On the interannual level, the results indicate that the year 2016 stands out by a great diversity of pollens, reflecting climatic and floristic conditions conducive to an extended flowering. However, the honeys of the years 2007, 2008 and 2012 stand out by constant physicochemical properties (moderate pH, adequate density, balanced acidity), although they have a less important pollen content. The year 2013 stands out markedly by a specific profile: its sample is isolated in the factorial space, due to extreme values for certain parameters, which could reflect a punctual environmental change or a particular dominant flora that year (Fig. 8, B).

The Principal Component Analysis (PCA) allows differentiating the three analysis zones, based on the intersite variation. The region of Souk Ahras shows an extended distribution of samples, testifying to an important floristic and ecological diversity. This variety has a direct impact on the composition of honey, both from a pollen and chemical point of view.

In contrast, Tébessa stands out by a pronounced homogeneity, reflecting environmental stability and a more uniform flora over the years. Finally, El Taref occupies an intermediate but specific position in the factorial space, suggesting a typical local flora (potentially of coastal or humid origin), which influences the pollen and chemical composition of the produced honey (Fig. 8, C).

Thus, the PCA clearly demonstrates that the quality, floristic richness and physicochemical properties of honey vary according to the year and geographical location, confirming that these two factors play a determining role in the typicality and value of the final product (Fig. 8).

Figure 8. Principal component analysis; A: Correlation circle of pollen and physicochemical parameters. B: Factorial plane (Dim 1 vs Dim2) according to the “Year” factor. C: Factorial plane (Dim 1 vs Dim2) according to the “Wilaya” factor.

III.3. Hierarchical classification (AHC)  

The factorial map below, resulting from a principal component analysis (PCA) coupled with an ascending hierarchical classification (AHC), allows visualizing the structuring of honey samples according to their physicochemical and pollen characteristics over several years and locations (Fig. 9).

Two main axes (Dim 1 = 89.52 % and Dim 2 = 10.48 %) explain nearly 100 % of the total variance, which attests to a very good quality of projection of the data on this plane. Indeed, three distinct groups of samples emerge:

Group 1: It groups the majority of samples, notably those of the years 2007, 2008, 2012, 2013 and 2016, coming from the three wilayas.
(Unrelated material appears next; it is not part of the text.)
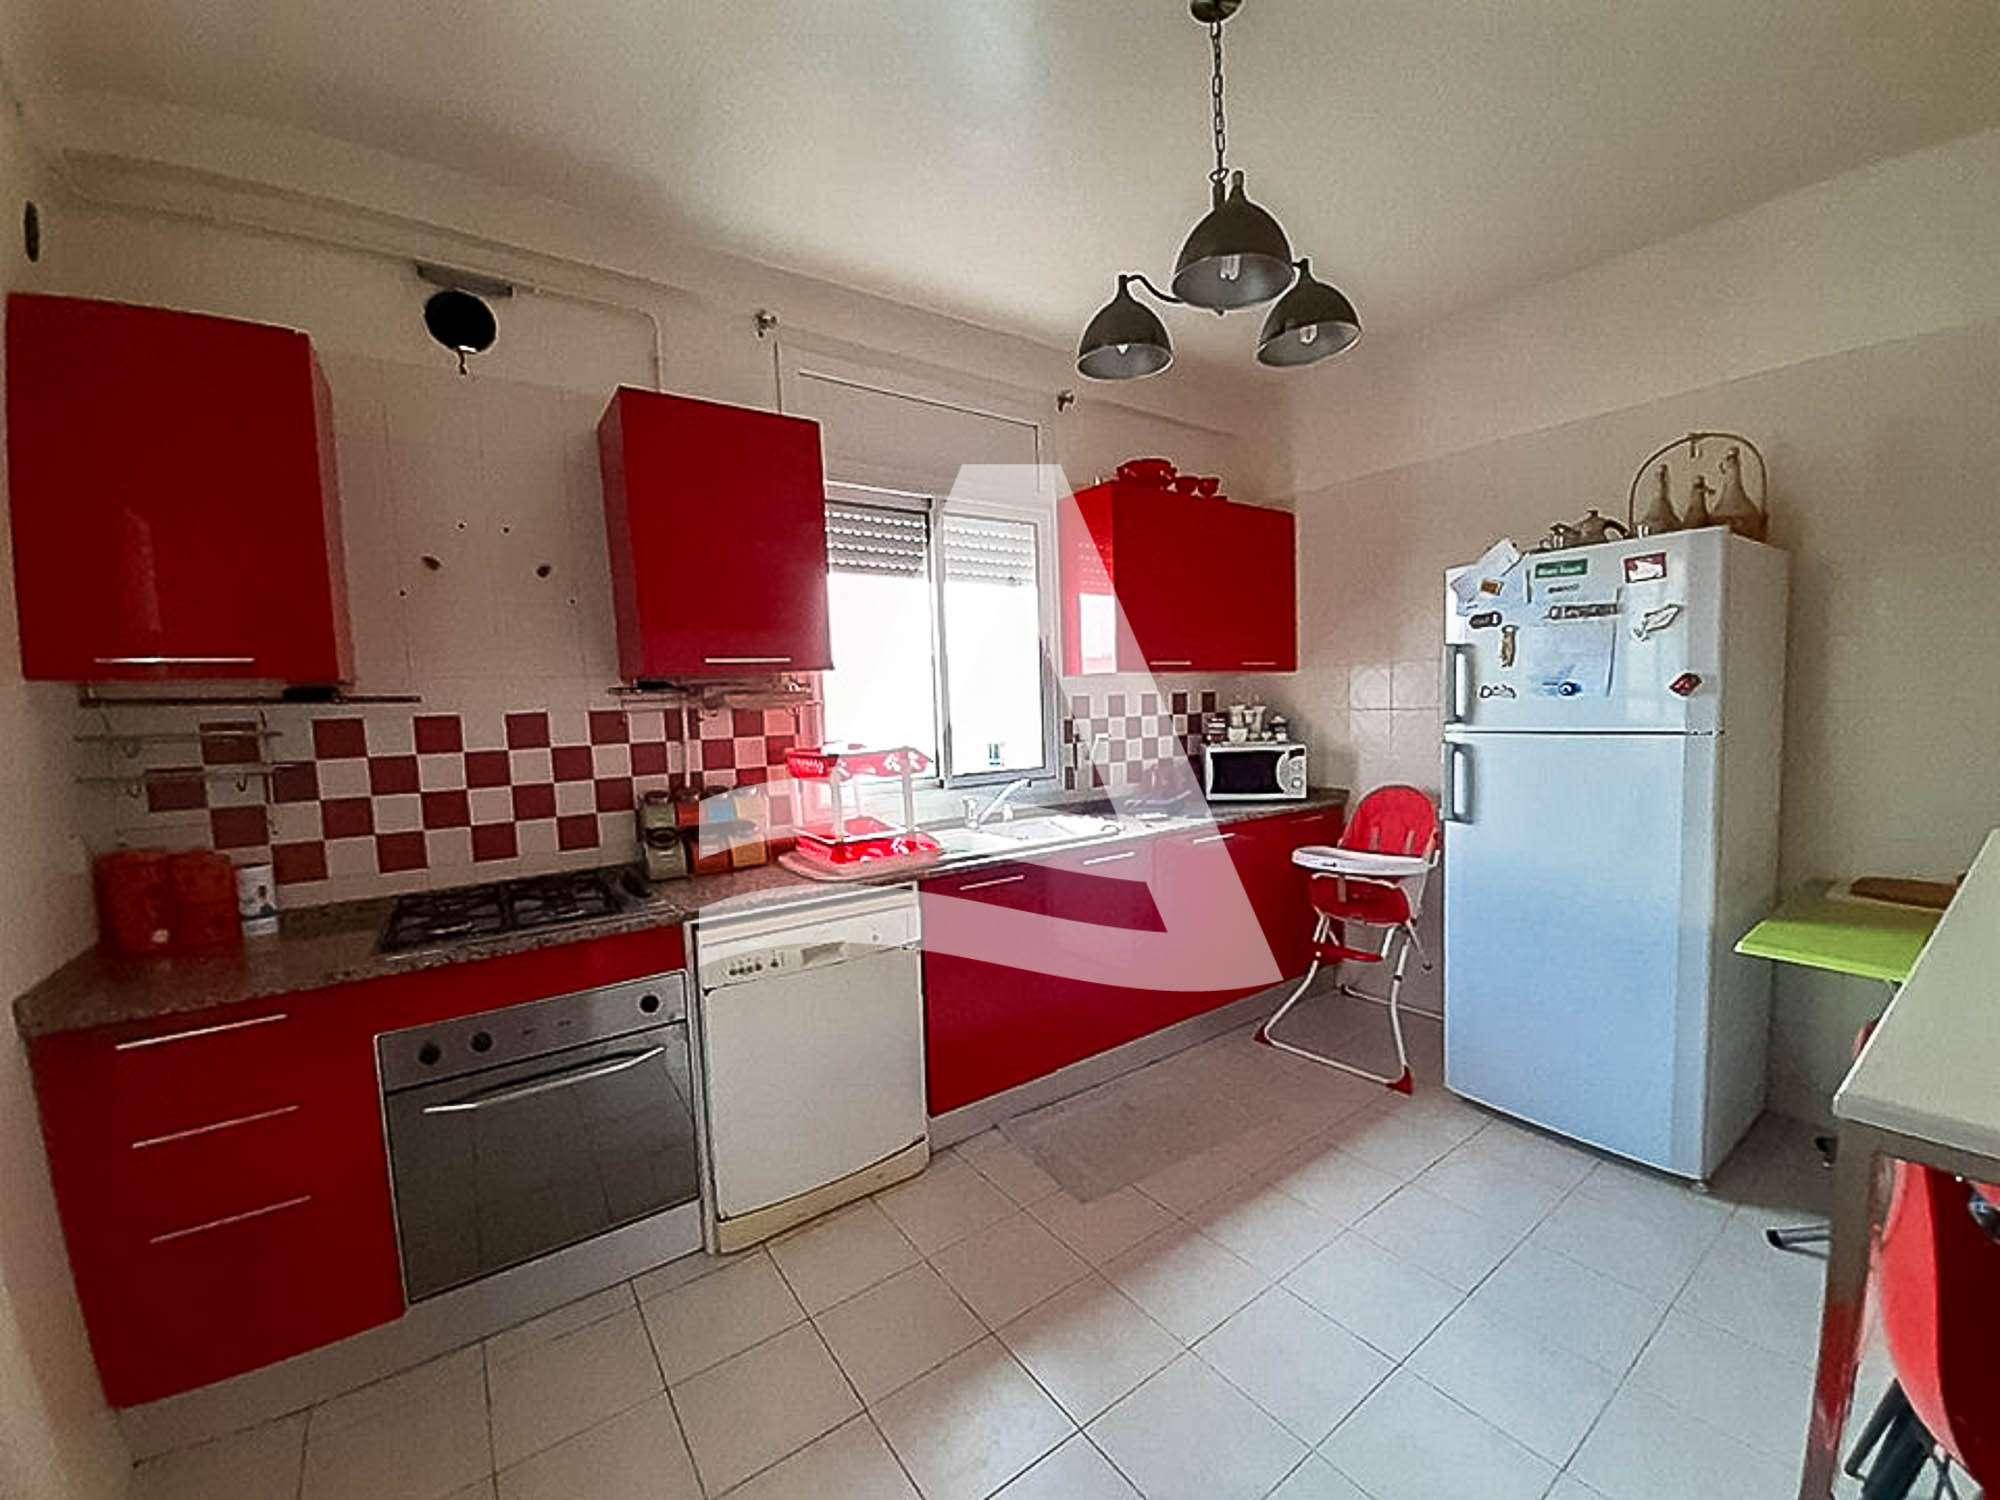 httpss3.amazonaws.comlogimoaws_Arcane_immobilière_la_Marsa-_location_-_vente_la_marsa_6_sur_16_1574071698417-1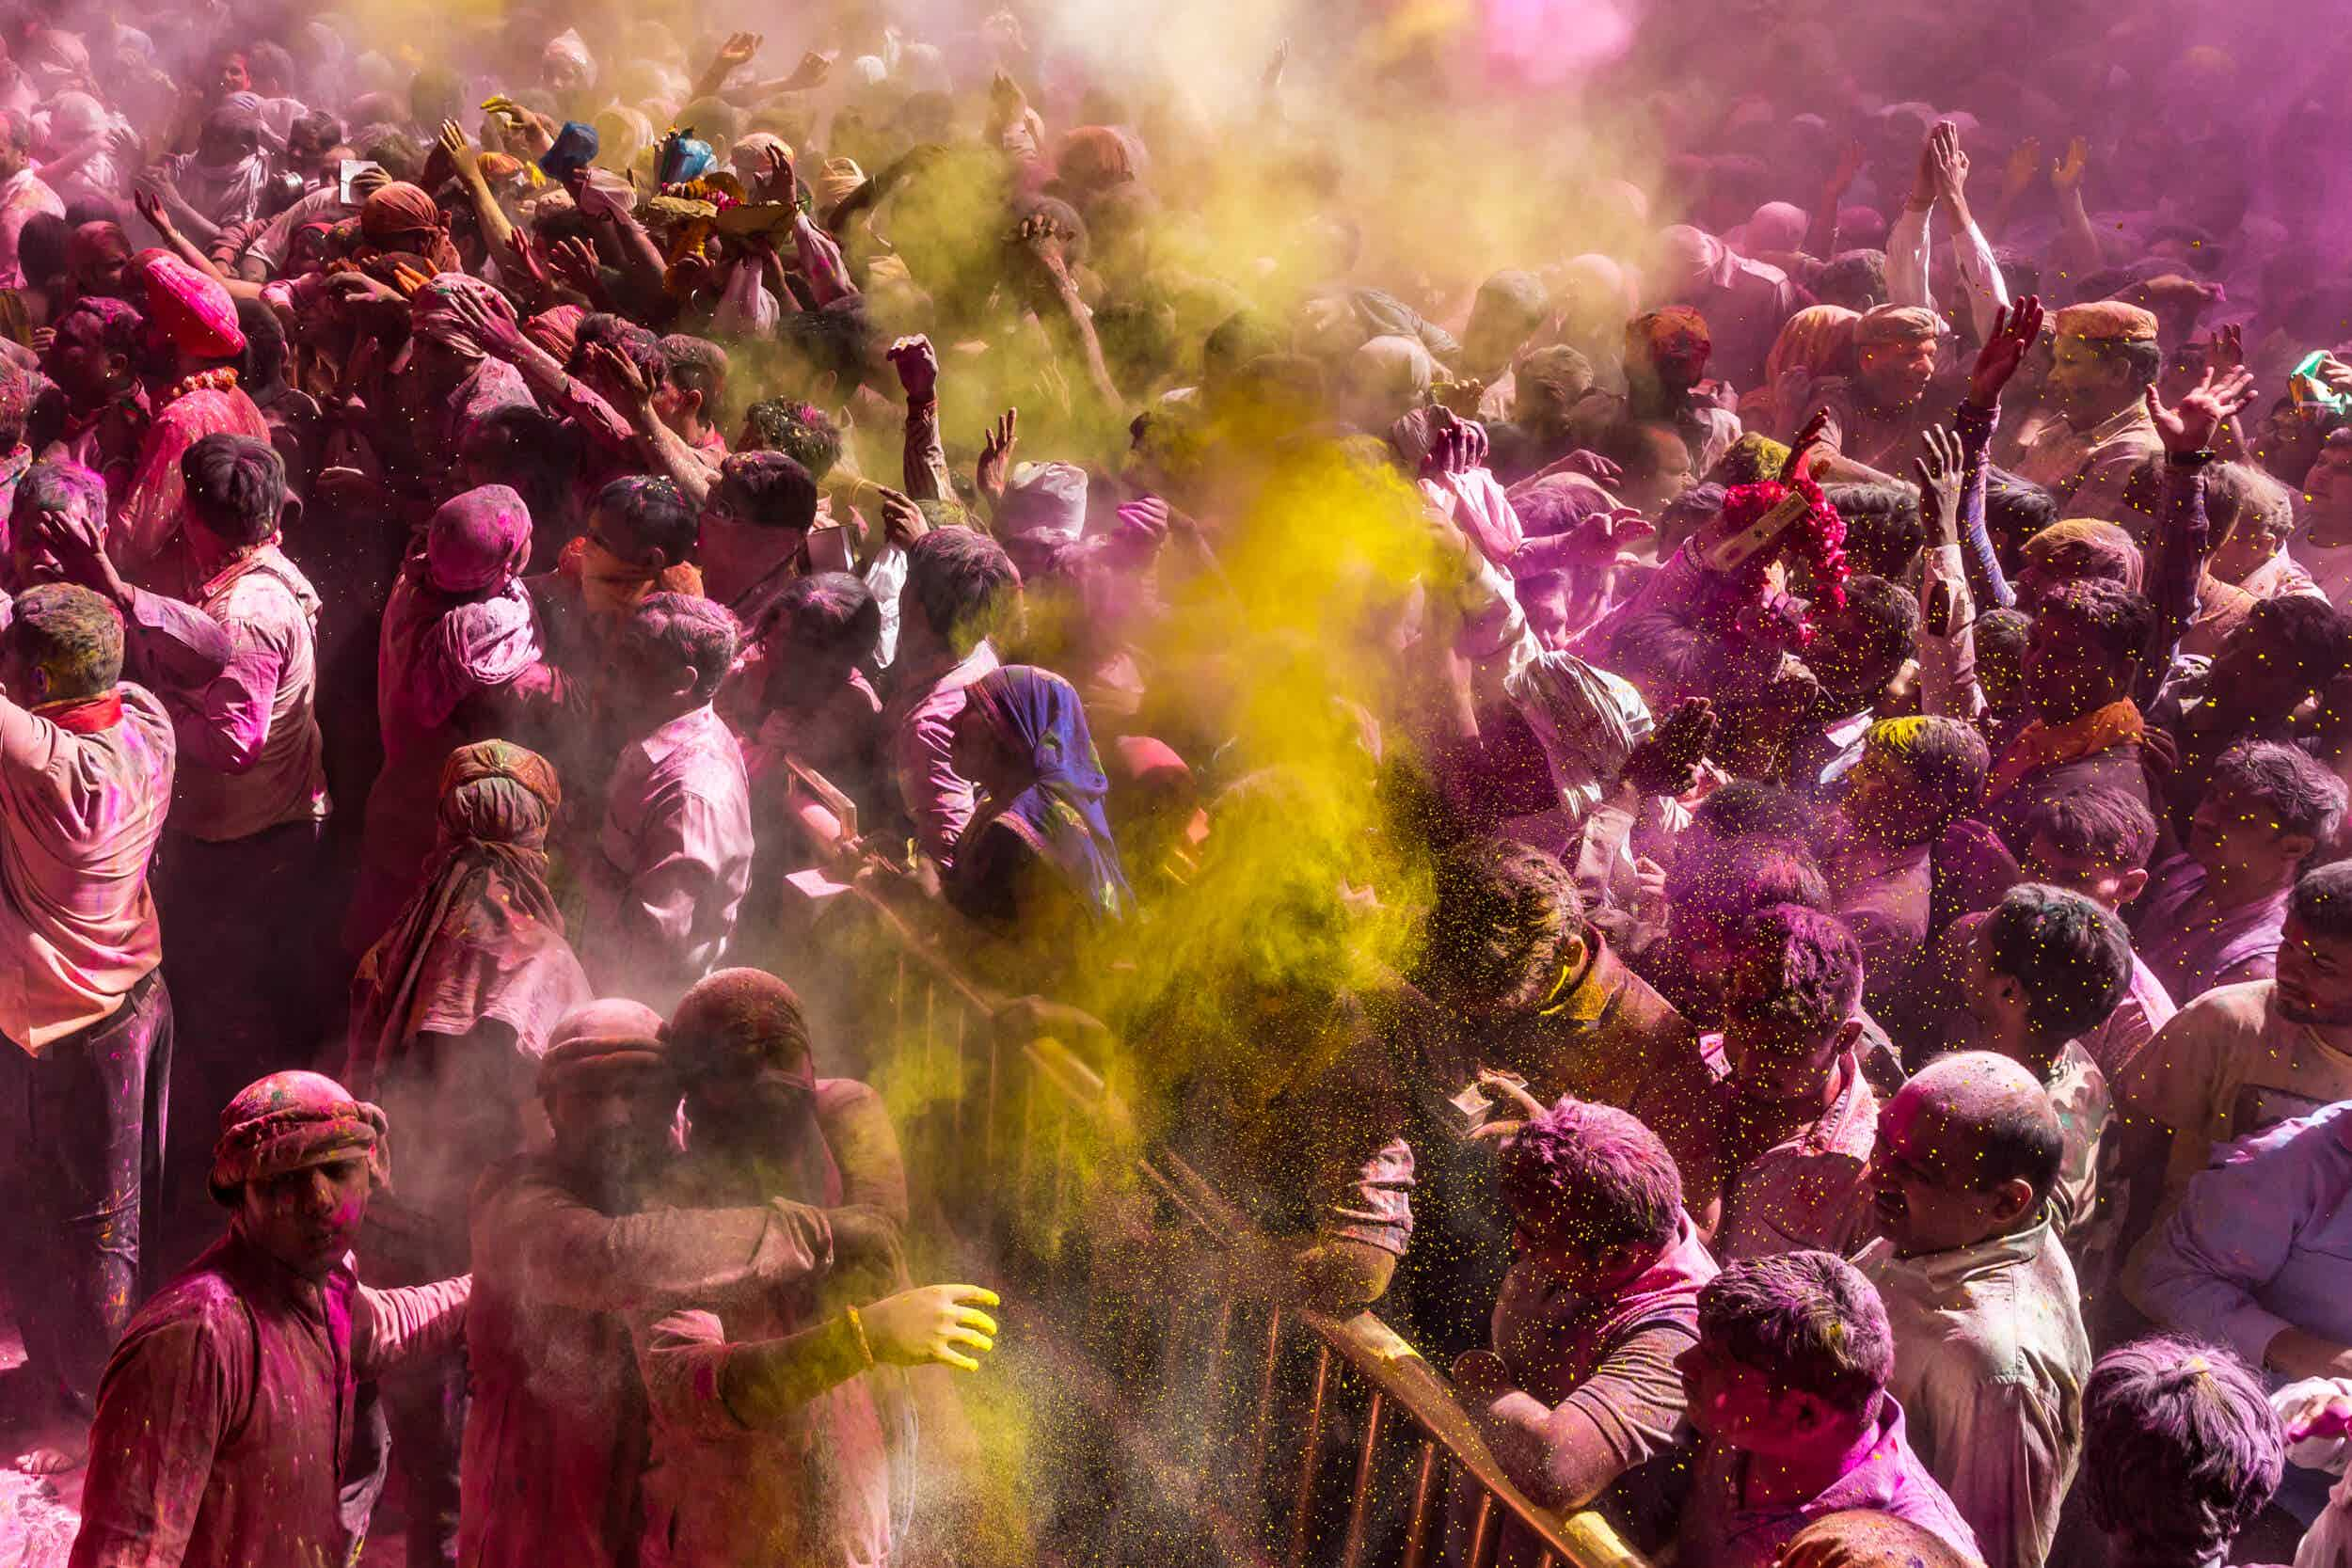 Surviving the Holi festival

These honeys present a homogeneity in their physicochemical characteristics (pH, conductivity, humidity, etc.) and pollen (type and richness), suggesting a stability of environmental and floristic conditions during these years for these sites (Fig. 9).

Group 2: Mainly constituted of samples Y2007.S, Y2012.ET, Y2016.S and Y2016.T, this group is characterized by a pollen or physicochemical particularity, probably linked to a specific flowering or particular meteorological conditions that influenced the composition of honey during these years (Fig. 9).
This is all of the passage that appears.